Dans ces conditions, Madame [C] [M] ne pourra bénéficier de délais de paiement pour l’apurement de sa dette locative, et la clause résolutoire acquise au 13 décembre 2023 conservera par conséquent tous ses effets.
IV. SUR LES DEMANDES ACCESSOIRES :
Madame [C] [M], partie perdante, supportera la charge des dépens, qui comprendront notamment le coût du commandement de payer du 13 novembre 2023 et celui de l’assignation introductive d’instance.

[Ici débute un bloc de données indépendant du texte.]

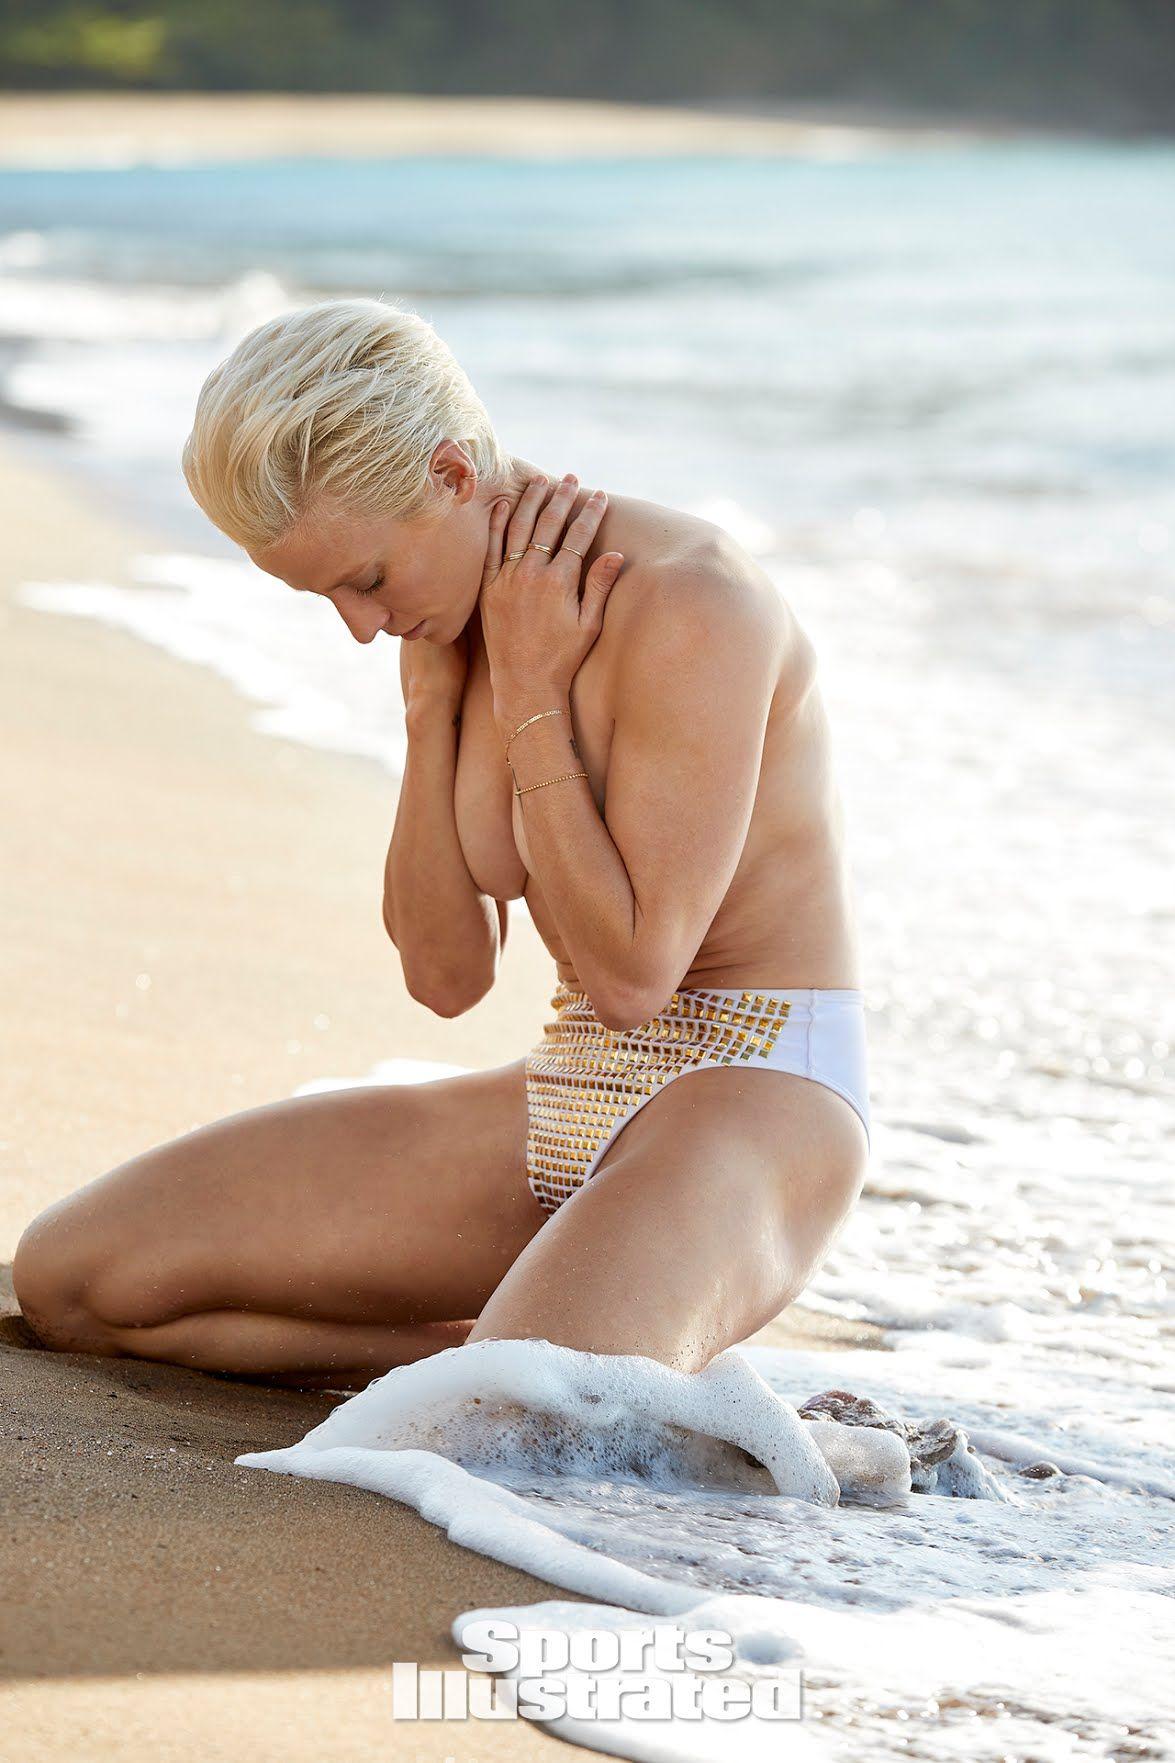 Megan Rapinoe Uswnt 2019 Sports Illustrated Swimsuit Issue

Nonobstant les démarches judiciaires qu’a dû accomplir le bailleur LOGEMLOIRET, et compte tenu de la précarité avérée de la situation tant sociale que financière de Madame [C] [M], il n’y aura pas lieu de faire application des dispositions de l’article 700 du Code de procédure civile.
PAR CES MOTIFS
Le juge, statuant par mise à disposition au greffe, par jugement contradictoire et en premier ressort,
DECLARE recevable l’action aux fins de constat de la résiliation du bail ;
REJETTE tout délai de paiement de la dette locative et de suspension de la clause résolutoire ;
CONSTATE que les conditions d’acquisition de la clause résolutoire, pour défaut d’assurance, figurant au bail conclu le 27 août 2010 entre l’Office Public de l’Habitat LOGEMLOIRET et Madame [C] [M], concernant le bien à usage d’habitation situé [Adresse 3] sont réunies à la date du 13 décembre 2023 ;
ORDONNE en conséquence à Madame [C] [M], occupante sans droit ni titre du logement, de libérer les lieux et de restituer les clés dès la signification du présent jugement ;
DIT qu’à défaut pour Madame [C] [M] d’avoir volontairement libéré les lieux et restitué les clés dans ce délai, l’Office Public de l’Habitat LOGEMLOIRET pourra, deux mois après la signification d’un commandement de quitter les lieux, faire procéder à son expulsion ainsi qu’à celle de tous occupants de son chef, y compris le cas échéant avec le concours d’un serrurier et de la force publique ;
DIT également que les meubles et objets se trouvant dans les lieux suivront le sort prévu notamment par les articles L433-1 et suivants du Code des procédures civiles d’exécution ;
CONDAMNE Madame [C] [M] à verser à l’Office Public de l’Habitat LOGEMLOIRET, pris en la personne de son représentant légal, la somme de 7.439,15 € (sept mille quatre cent trente-neuf euros et quinze centimes) au titre des loyers, charges et indemnités d’occupation impayés selon décompte arrêté au 4 novembre 2024 (échéance du mois de novembre 2024 incluse) hors frais de poursuite et frais non contractuels, assortie des intérêts légaux à compter de la signification de la présente décision ;
CONDAMNE Madame [C] [M] à verser à l’Office Public de l’Habitat LOGEMLOIRET, pris en la personne de son représentant légal, une indemnité mensuelle d’occupation d’un montant équivalent à celui du loyer et des charges -révisables et indexées en vertu des conditions contractuelles- selon décompte arrêté au 4 novembre 2024 (échéance du mois de novembre 2024 incluse), laquelle s’appliquera à compter du 14 décembre 2023, et ce, jusqu’à la date de la libération effective et définitive des lieux caractérisée par la restitution des clés ;
DIT n’y avoir lieu à application des dispositions de l’article 700 du Code de procédure civile ;
CONDAMNE Madame [C] [M] aux entiers dépens, comprenant le coût du commandement de payer du 13 novembre 2023 et celui de l’assignation introductive ;
REJETTE toutes les autres demandes, plus amples ou contraires des parties ;
Ainsi jugé et prononcé par mise à disposition du jugement au greffe du tribunal judiciaire, le 25 avril 2025, la minute étant signée par le juge et par la greffière.